- _What you are asked to do_
Look below for the line that contains "asus radeon rx 6900 xt rog strix lc ASUS", then quote it and all the lines after it, exactly, with the pictures left out.

- _Collected data_
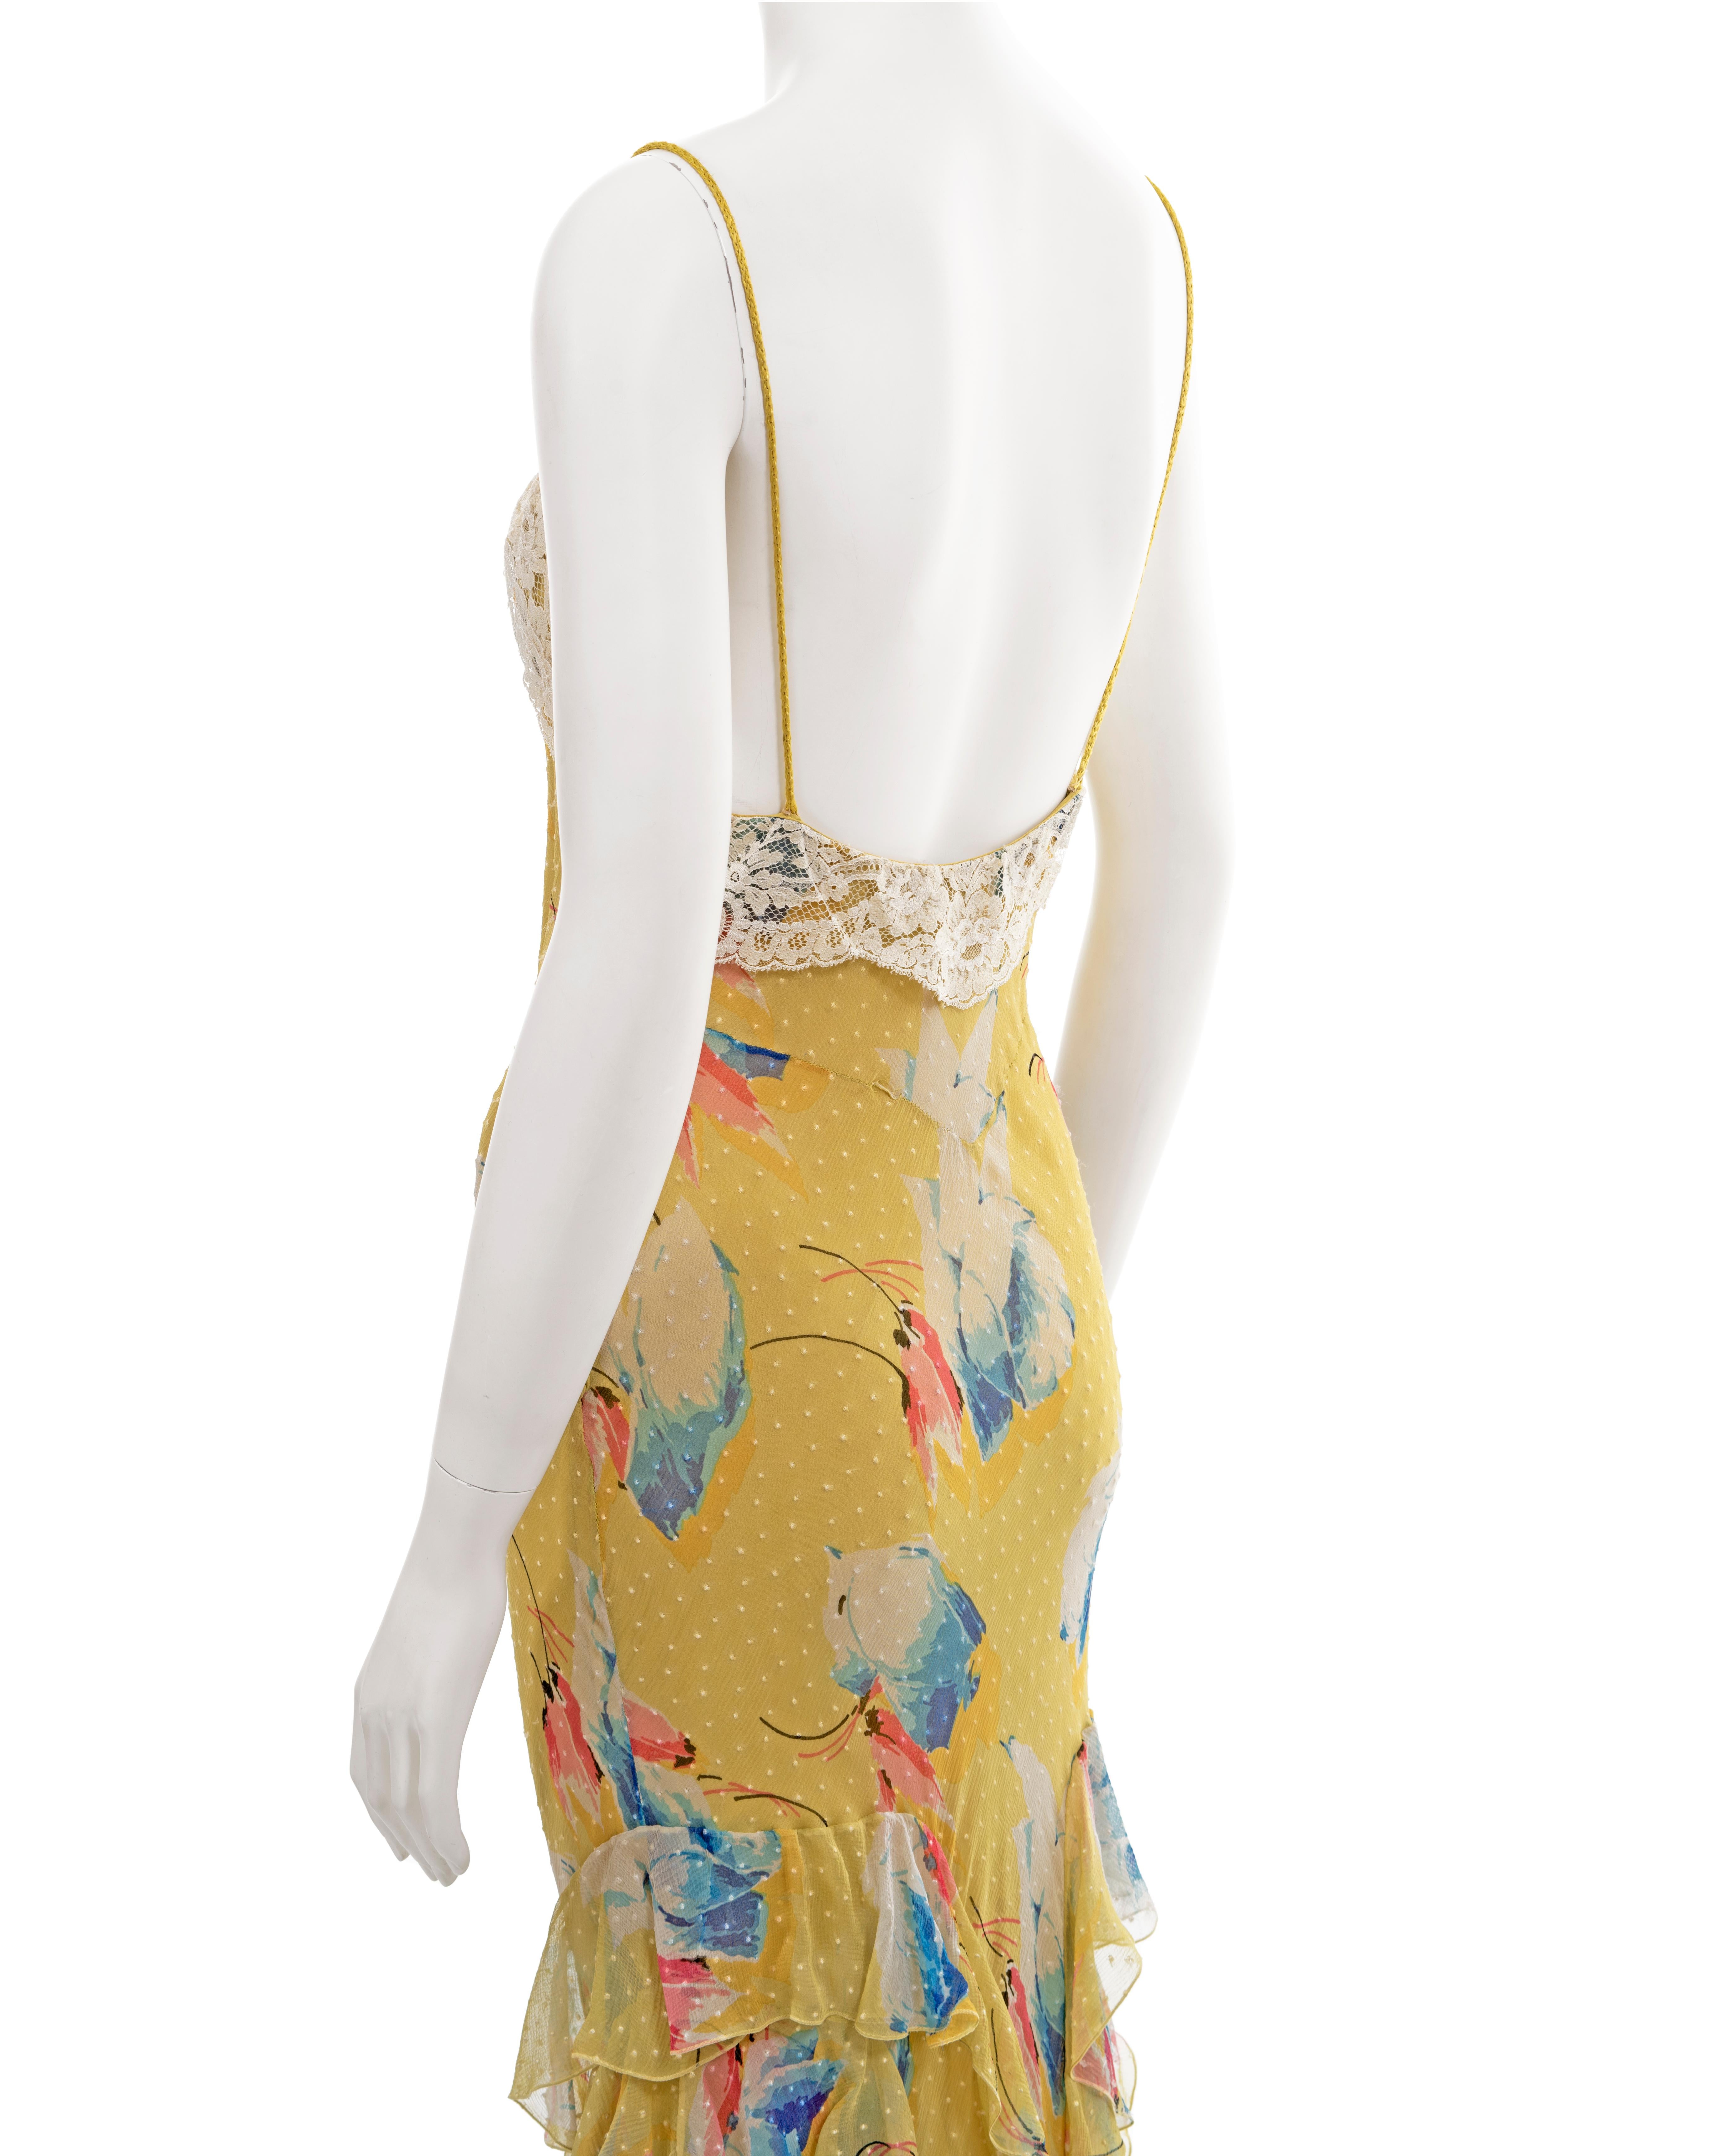 Christian Dior by John Galliano yellow floral silk evening dress, fw 2001 6
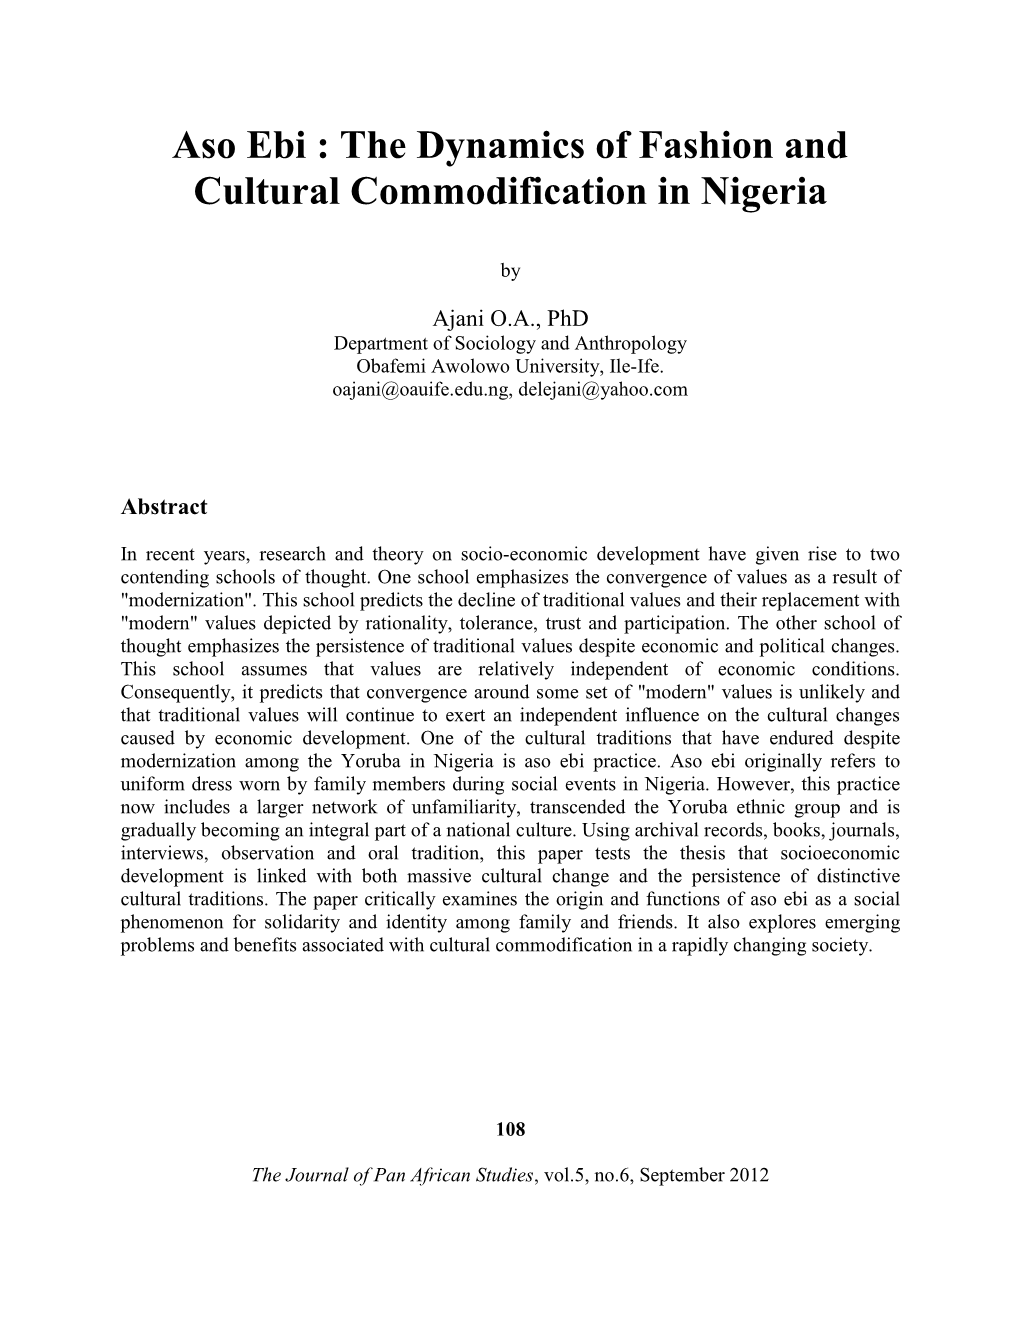 Aso Ebi : the Dynamics of Fashion and Cultural Commodification in Nigeria
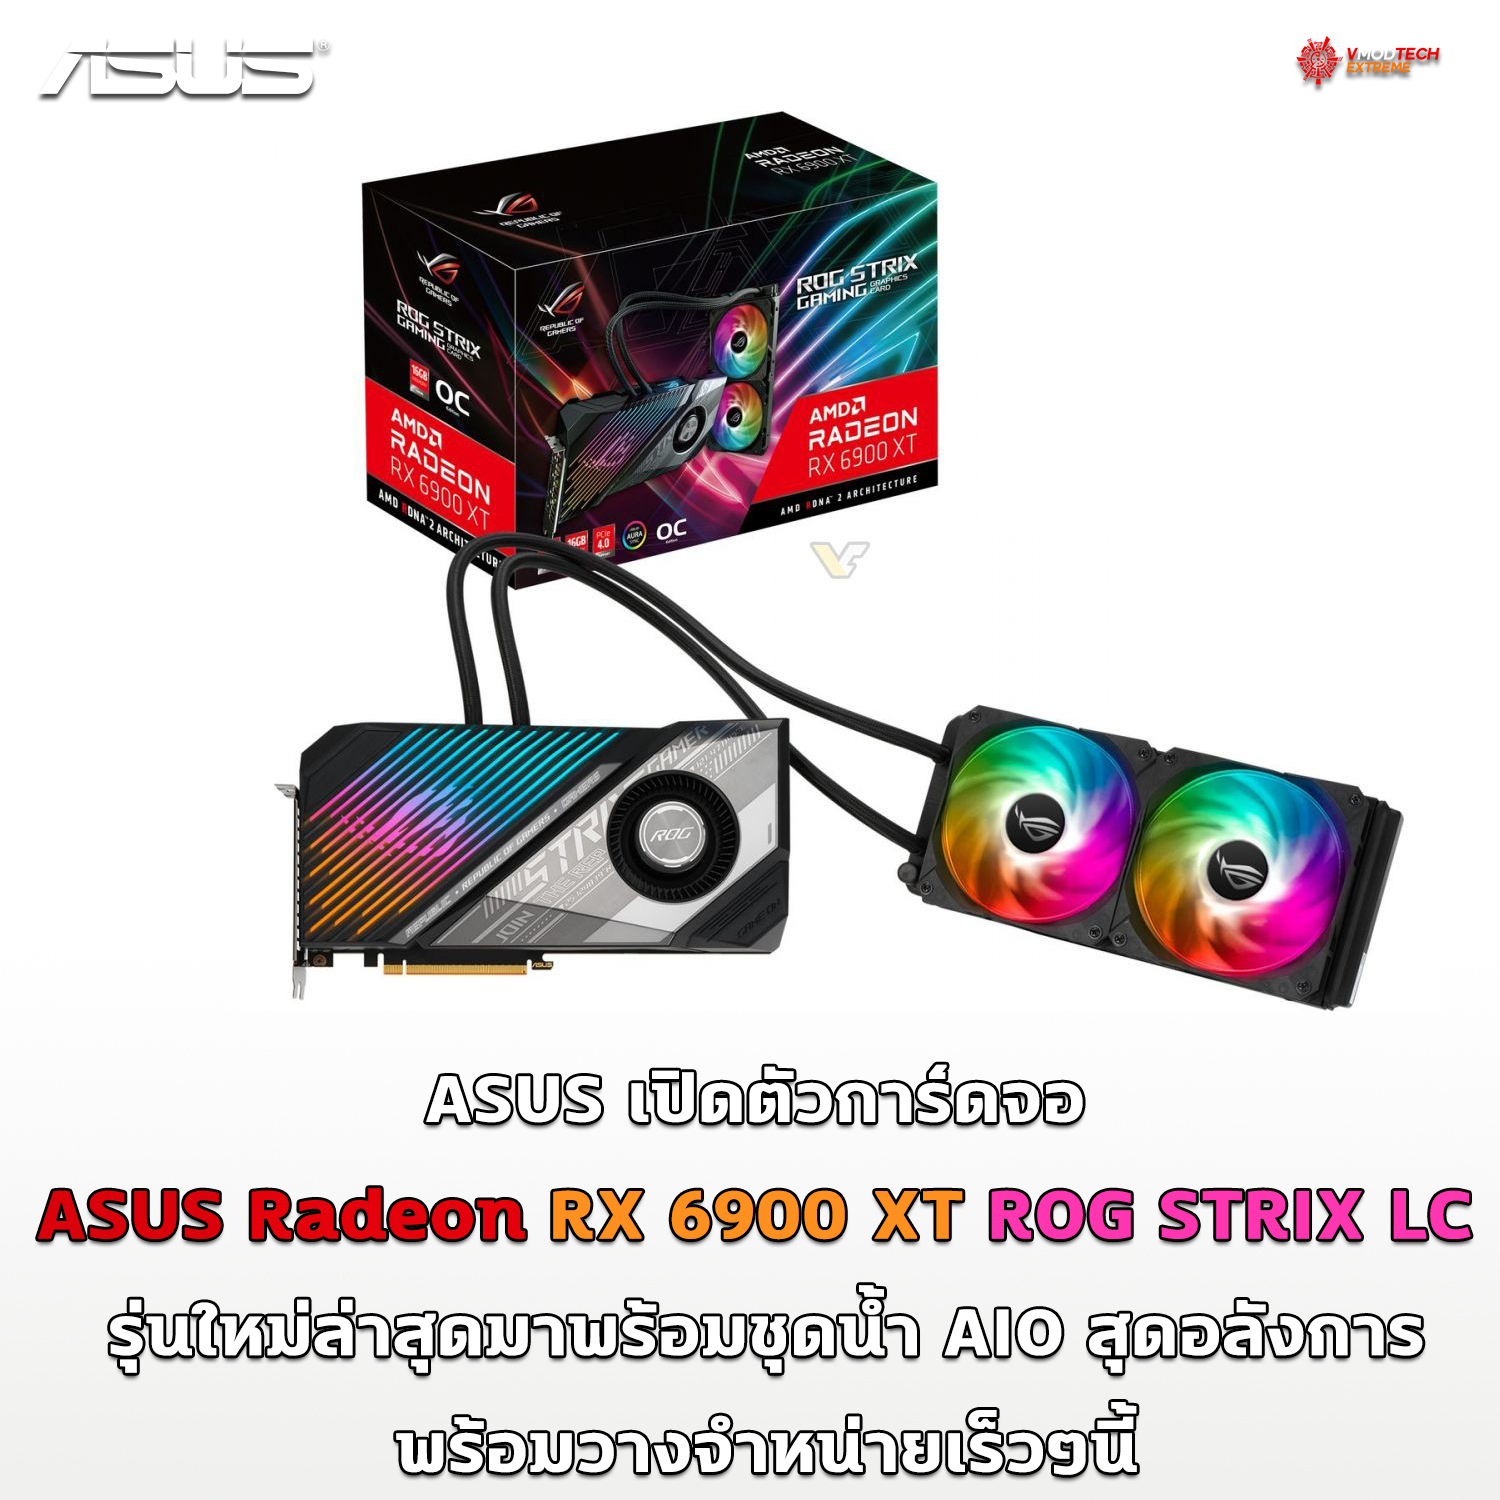 asus radeon rx 6900 xt rog strix lc ASUS เปิดตัวการ์ดจอ ASUS Radeon RX 6900 XT ROG STRIX LC รุ่นใหม่ล่าสุดมาพร้อมชุดน้ำสุดอลังการ
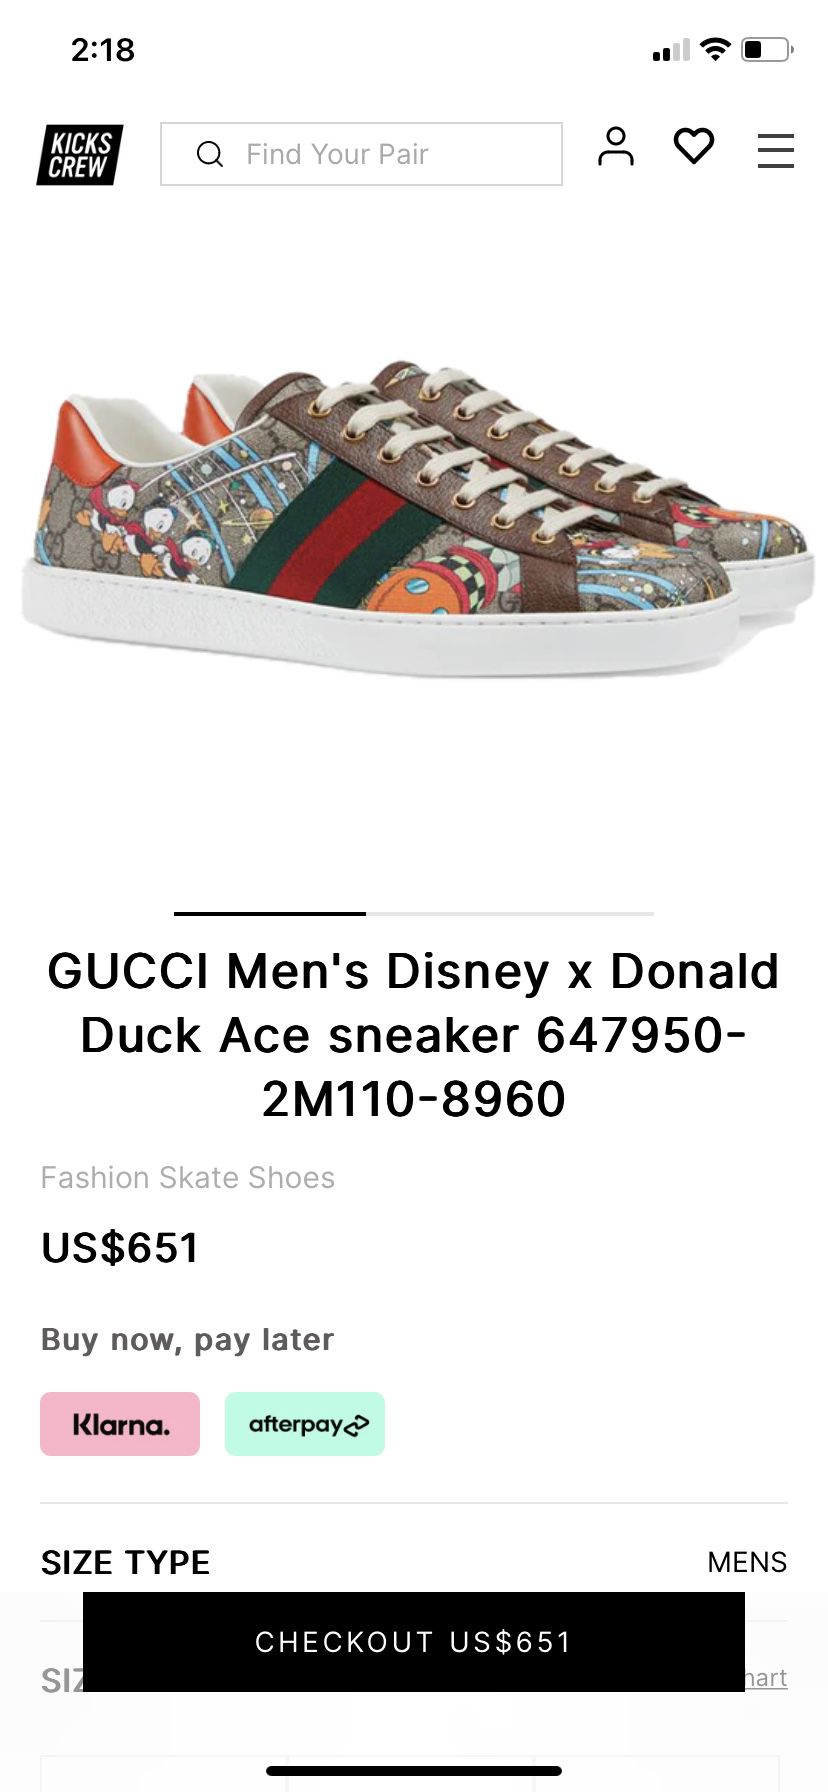 GUCCI Men's Disney x Donald Duck Ace sneaker 647950-2M110-8960

- _Result for this exercise_
 asus radeon rx 6900 xt rog strix lc ASUS เปิดตัวการ์ดจอ ASUS Radeon RX 6900 XT ROG STRIX LC รุ่นใหม่ล่าสุดมาพร้อมชุดน้ำสุดอลังการ
 GUCCI Men's Disney x Donald Duck Ace sneaker 647950-2M110-8960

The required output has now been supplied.